> _WHAT THE EXERCISE ASKS_:
Which lines come from the start of the records through the line that holds "語彙・読解力検定 2018年11月実施"? Write them out word for word.

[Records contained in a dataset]
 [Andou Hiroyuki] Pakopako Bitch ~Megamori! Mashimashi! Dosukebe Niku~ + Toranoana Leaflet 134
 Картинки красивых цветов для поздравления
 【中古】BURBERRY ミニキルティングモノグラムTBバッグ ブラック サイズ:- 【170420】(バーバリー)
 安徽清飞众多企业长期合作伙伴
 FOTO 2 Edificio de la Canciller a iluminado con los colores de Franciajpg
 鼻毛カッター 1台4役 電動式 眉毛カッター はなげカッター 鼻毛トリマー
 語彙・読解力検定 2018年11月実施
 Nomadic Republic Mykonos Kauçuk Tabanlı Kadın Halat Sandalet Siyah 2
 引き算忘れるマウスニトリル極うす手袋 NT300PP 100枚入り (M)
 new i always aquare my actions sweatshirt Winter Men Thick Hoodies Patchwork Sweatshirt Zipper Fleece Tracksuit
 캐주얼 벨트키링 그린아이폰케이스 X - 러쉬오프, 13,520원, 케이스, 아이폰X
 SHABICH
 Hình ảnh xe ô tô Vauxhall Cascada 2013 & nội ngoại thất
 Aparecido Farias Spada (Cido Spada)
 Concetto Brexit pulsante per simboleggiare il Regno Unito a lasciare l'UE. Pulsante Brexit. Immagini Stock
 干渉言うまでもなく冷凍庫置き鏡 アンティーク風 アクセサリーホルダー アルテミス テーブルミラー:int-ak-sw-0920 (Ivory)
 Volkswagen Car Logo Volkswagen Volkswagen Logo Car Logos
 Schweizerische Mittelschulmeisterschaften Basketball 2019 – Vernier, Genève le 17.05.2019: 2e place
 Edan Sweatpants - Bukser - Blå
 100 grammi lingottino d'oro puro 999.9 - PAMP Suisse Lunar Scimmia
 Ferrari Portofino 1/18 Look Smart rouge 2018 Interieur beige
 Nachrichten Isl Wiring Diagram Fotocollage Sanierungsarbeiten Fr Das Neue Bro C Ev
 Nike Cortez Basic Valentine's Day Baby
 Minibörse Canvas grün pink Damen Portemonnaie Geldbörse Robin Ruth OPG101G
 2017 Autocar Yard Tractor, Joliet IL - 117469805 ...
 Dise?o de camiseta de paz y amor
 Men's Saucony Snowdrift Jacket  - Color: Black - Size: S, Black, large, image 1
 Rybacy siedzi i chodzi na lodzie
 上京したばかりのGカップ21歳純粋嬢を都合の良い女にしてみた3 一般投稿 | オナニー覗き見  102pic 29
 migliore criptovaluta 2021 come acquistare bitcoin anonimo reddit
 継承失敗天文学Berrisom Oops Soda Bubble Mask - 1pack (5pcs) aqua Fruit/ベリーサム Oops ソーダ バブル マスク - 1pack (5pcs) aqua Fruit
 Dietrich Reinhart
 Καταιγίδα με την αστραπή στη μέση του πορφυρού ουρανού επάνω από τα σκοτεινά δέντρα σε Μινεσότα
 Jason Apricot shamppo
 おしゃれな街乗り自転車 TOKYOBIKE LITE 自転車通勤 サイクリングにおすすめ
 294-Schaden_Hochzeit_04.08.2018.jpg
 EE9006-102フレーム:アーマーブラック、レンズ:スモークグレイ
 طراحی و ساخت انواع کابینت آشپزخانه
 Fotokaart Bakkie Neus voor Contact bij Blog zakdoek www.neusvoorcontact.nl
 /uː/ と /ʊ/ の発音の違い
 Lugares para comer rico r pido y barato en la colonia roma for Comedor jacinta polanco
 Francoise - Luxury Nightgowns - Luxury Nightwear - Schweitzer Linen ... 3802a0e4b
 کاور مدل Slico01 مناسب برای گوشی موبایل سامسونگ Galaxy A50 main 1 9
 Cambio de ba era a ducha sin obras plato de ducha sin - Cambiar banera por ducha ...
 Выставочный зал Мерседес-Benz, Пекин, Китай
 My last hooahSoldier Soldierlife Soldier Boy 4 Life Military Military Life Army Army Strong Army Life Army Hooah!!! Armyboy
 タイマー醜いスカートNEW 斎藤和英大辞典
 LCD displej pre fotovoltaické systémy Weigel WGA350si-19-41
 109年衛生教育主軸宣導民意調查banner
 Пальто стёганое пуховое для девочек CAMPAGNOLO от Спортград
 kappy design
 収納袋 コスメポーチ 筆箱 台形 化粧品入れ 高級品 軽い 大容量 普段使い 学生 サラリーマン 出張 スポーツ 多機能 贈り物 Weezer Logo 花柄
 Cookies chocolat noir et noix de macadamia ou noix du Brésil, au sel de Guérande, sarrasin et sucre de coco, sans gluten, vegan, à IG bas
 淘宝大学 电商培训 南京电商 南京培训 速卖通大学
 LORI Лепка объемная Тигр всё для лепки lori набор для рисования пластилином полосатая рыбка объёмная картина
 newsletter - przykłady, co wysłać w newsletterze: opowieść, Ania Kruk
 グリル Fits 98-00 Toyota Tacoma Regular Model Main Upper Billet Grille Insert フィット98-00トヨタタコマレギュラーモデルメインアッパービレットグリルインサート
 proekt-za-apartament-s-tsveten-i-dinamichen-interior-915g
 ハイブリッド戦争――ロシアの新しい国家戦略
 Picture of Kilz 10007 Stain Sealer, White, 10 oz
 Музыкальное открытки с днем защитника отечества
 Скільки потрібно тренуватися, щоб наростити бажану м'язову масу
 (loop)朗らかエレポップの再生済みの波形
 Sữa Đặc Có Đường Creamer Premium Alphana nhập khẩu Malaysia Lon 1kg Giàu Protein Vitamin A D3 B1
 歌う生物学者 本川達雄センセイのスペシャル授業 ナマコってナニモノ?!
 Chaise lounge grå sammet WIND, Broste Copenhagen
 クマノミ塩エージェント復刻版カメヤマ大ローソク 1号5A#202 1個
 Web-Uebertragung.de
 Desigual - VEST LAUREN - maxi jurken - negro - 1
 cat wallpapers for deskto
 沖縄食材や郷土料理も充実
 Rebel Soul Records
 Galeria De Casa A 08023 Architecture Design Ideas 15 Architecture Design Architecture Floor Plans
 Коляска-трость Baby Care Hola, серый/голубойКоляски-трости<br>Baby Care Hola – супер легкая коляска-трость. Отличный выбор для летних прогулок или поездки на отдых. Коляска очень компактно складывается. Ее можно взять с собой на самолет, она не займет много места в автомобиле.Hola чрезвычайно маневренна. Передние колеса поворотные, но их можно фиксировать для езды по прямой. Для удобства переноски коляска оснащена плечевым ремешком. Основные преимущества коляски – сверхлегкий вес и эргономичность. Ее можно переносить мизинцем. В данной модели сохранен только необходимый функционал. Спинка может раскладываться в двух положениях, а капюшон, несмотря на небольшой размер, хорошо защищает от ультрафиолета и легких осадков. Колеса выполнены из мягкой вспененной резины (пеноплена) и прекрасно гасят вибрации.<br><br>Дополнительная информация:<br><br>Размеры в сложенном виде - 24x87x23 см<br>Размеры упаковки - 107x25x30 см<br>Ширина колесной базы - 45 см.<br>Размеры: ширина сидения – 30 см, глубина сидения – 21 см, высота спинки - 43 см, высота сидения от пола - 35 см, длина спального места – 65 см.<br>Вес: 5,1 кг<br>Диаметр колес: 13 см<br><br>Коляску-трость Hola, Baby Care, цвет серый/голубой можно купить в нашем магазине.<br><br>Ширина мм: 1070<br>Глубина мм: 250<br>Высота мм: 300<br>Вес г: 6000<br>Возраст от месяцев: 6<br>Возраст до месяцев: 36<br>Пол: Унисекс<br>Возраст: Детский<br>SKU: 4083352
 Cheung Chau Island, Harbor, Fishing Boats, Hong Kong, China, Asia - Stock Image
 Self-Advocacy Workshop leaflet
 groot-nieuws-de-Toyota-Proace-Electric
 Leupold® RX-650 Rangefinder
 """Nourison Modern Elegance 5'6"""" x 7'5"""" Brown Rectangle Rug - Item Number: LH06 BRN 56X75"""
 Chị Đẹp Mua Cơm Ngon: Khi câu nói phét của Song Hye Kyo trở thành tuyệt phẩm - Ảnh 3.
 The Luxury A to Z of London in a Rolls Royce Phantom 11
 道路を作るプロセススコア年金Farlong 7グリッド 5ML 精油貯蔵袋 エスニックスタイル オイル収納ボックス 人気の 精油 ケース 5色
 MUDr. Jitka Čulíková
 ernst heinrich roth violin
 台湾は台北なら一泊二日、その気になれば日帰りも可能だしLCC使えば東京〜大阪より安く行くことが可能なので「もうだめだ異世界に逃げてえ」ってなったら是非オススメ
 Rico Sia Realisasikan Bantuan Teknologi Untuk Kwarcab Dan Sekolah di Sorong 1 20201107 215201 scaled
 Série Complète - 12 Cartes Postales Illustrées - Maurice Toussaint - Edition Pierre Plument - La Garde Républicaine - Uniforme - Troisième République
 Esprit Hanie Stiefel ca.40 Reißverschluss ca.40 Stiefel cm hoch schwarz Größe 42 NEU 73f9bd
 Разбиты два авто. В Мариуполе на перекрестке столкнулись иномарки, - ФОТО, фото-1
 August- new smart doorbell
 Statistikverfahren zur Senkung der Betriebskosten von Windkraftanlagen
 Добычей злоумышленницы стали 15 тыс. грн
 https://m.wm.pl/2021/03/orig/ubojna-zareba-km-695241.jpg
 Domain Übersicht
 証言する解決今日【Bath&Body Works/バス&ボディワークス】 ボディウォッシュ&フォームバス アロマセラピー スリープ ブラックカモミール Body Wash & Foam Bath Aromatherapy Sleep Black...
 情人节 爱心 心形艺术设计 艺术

> _RESPONSE AREA_:
 [Andou Hiroyuki] Pakopako Bitch ~Megamori! Mashimashi! Dosukebe Niku~ + Toranoana Leaflet 134
 Картинки красивых цветов для поздравления
 【中古】BURBERRY ミニキルティングモノグラムTBバッグ ブラック サイズ:- 【170420】(バーバリー)
 安徽清飞众多企业长期合作伙伴
 FOTO 2 Edificio de la Canciller a iluminado con los colores de Franciajpg
 鼻毛カッター 1台4役 電動式 眉毛カッター はなげカッター 鼻毛トリマー
 語彙・読解力検定 2018年11月実施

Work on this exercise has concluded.